The advancement of semiconductor fabrication technology and smart algorithms has allowed us to design and develop intelligent sensors with cognitive ability. Statistics reveal that in recent times the number of elderly people is increasing rapidly around the world and the situation is not going to ease in the foreseeable future. In this paper, we report a novel home monitoring system which is based on cognitive sensor network and is intended for elder-care application. The smart system consists of an optimum number of cognitive wireless sensors which are used to detect usage of electrical devices, bed usage pattern, flow of water, etc., and also incorporates a panic button. The cognitive sensors provide information that can be used for monitoring the elderly by detecting any abnormality pattern in their daily activities around the house. The system will generate and send an early warning message to the care giver, when an unforeseen abnormal condition occurs.

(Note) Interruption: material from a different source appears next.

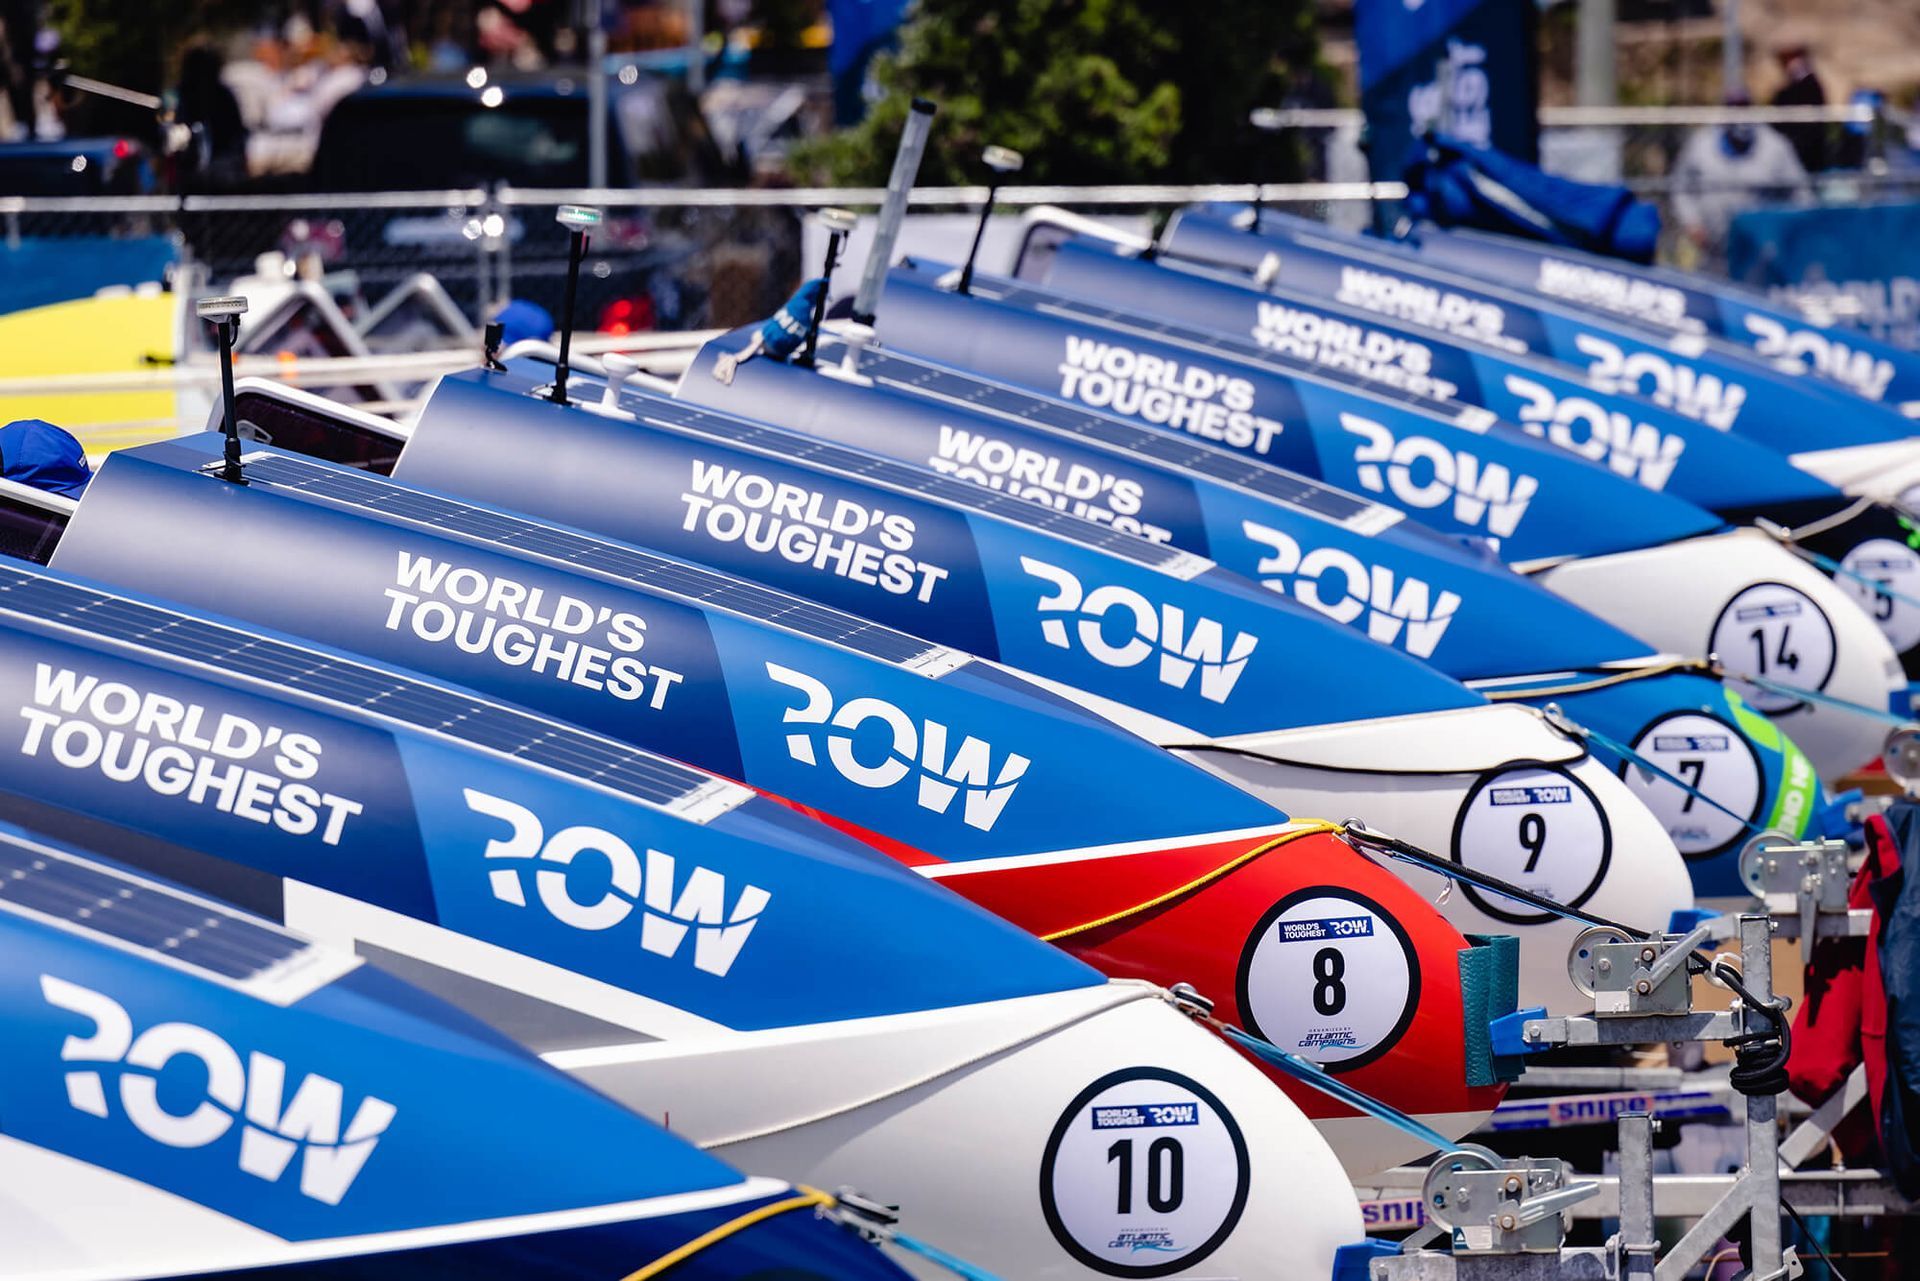 Ocean rowing boats in a line ready for Worlds Toughest Row

A Novel Planar-Type Biosensor for Noninvasive Meat Inspection

A novel biosensor for inspection of meat in a noninvasive and nondestructive way has been fabricated and developed. The sensor has the planar interdigital structure and the consecutive fingers are connected to positive and negative electrodes, respectively. A novel sensor has been fabricated which provides improved results. The experimental results show the sensors have a great potential to estimate the fat content of meat in a noninvasive and nondestructive way.

Investigation of Printed Wiring Board Testing By Using Planar Coil Type ECT Probe

A new application of eddy current testing techniques for investigating trace defects on printed circuit boards is proposed. A test probe consisting of a meander type exciting coil is used to induce eddy currents. The following three experiments are conducted: measuring the induced signal when a circuit trace is cut; measuring the induced signal for a number of traces placed in parallel and with a cut in the centre trace; measuring the induced signal for two back to back right angle traces. The experimental results reveal that it is possible to clearly detect defects and that the signal response obtained is strongly associated with a particular defect pattern. The signals obtained from a high density patterned board have a complicated signal signature and are therefore difficult to interpret. This complexity can be avoided by comparing the signal signature of a known good board with a defective board. The difference signal gives a clear indication of a trace defect.